TiO2@ZnFe2O4 heterojunctions for effecicent photocatalytic degradation of persistent pollutants and hydrogen evolution

Abstract

Designing and fabricating the double-capability photocatalysts with the capability of producing hydrogen from the splitting of water and degrading environmental organic pollutants under visible light irradiation are significant in environmental treatment and new energy preparation. As a proof of concept, TiO2@ZnFe2O4 heterojunctions with high performance and stability were prepared by a one-step hydrothermal method, in which TiO2 nanosheets successfully grew on the main body of ZnFe2O4 nanorods.

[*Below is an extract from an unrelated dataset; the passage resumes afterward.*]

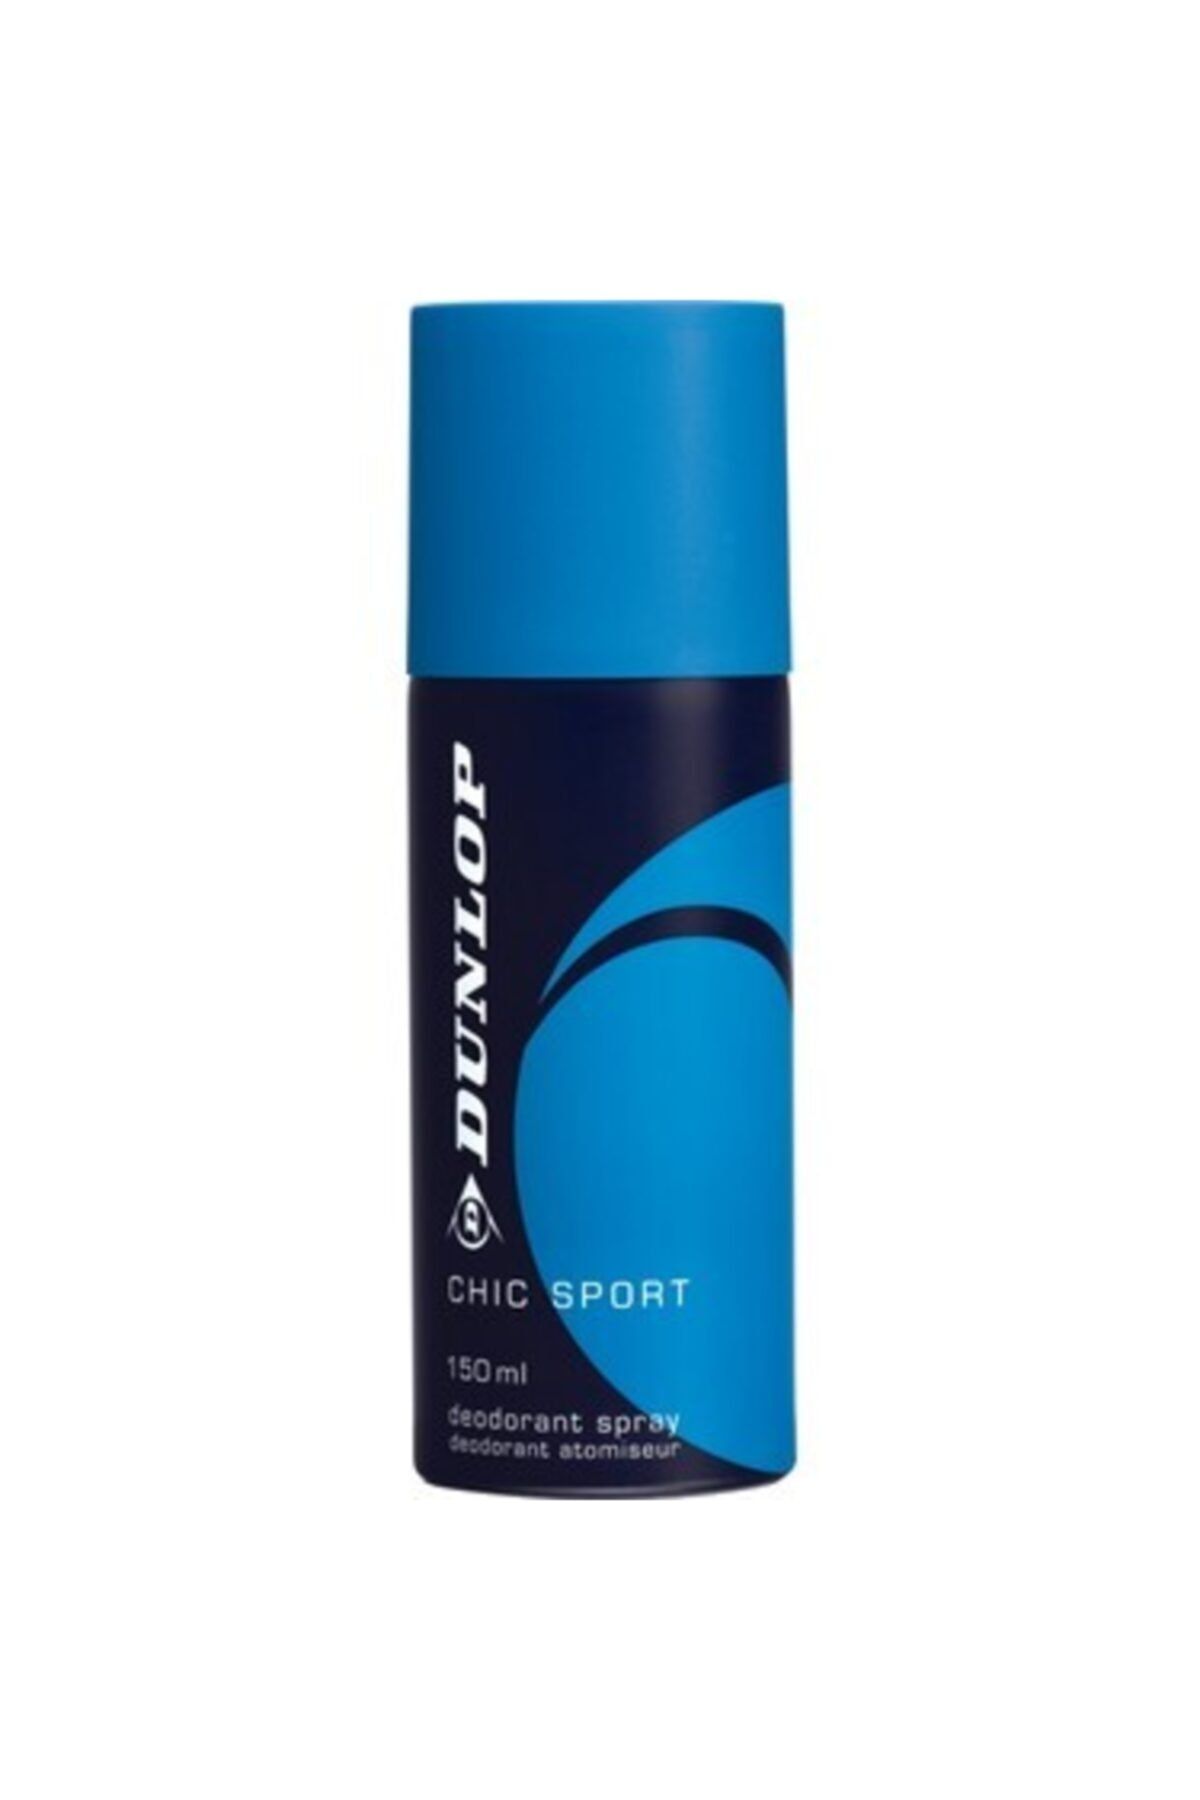 Dunlop Deodorant Mavı 150ml.
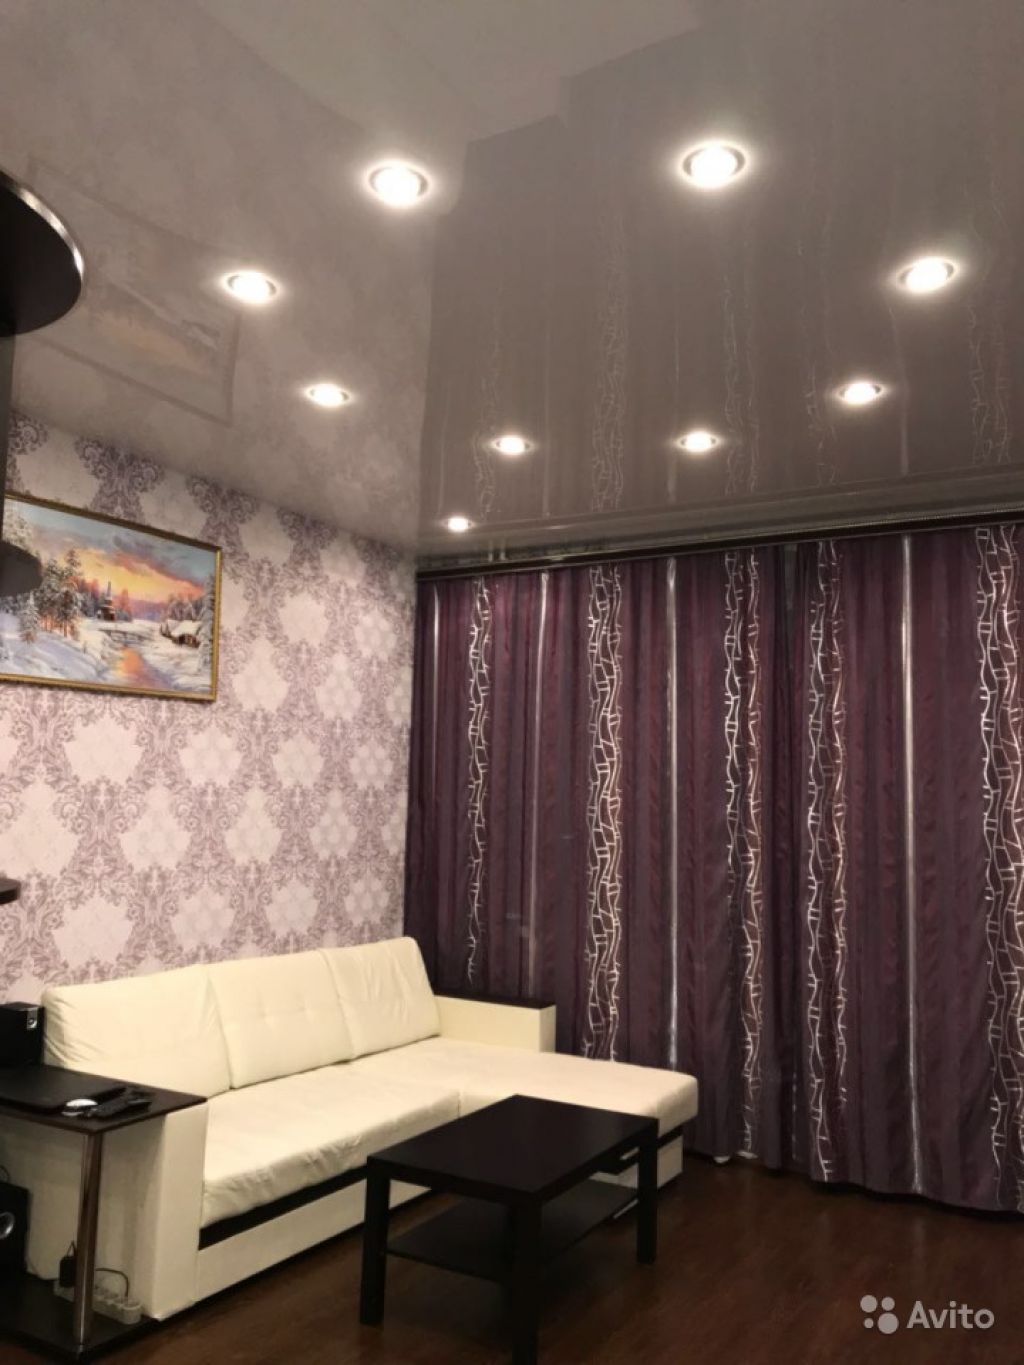 Продам квартиру 1-к квартира 39 м² на 6 этаже 17-этажного панельного дома в Москве. Фото 1

The microstructures and morphologies of the as-produced composites as well as their photocatalytic hydrogen generation rate and photocatalytic degradation performances towards humic acid, florfeniol, tetracyclines, and bisphenol A were investigated. The results indicate that TiO2@ZnFe2O4 heterojunctions possessed the higher photocatalytic activities towards hydrogen production and contaminants degradation ability than that of only TiO2 and ZnFe2O4. Especially, TiO2@ZnFe2O4 heterojunctions with the molar ratio of 1:4 have the best activities and manifest good stability. Significant enhancement of visible light absorption and photogenerated charge separation of TiO2@ZnFe2O4 were achieved. This work paves a way to construct a low-cost, environment-friendly, recyclable, and non-poisonous photocatalysts for hydrogen generation and the degradation of pollutants.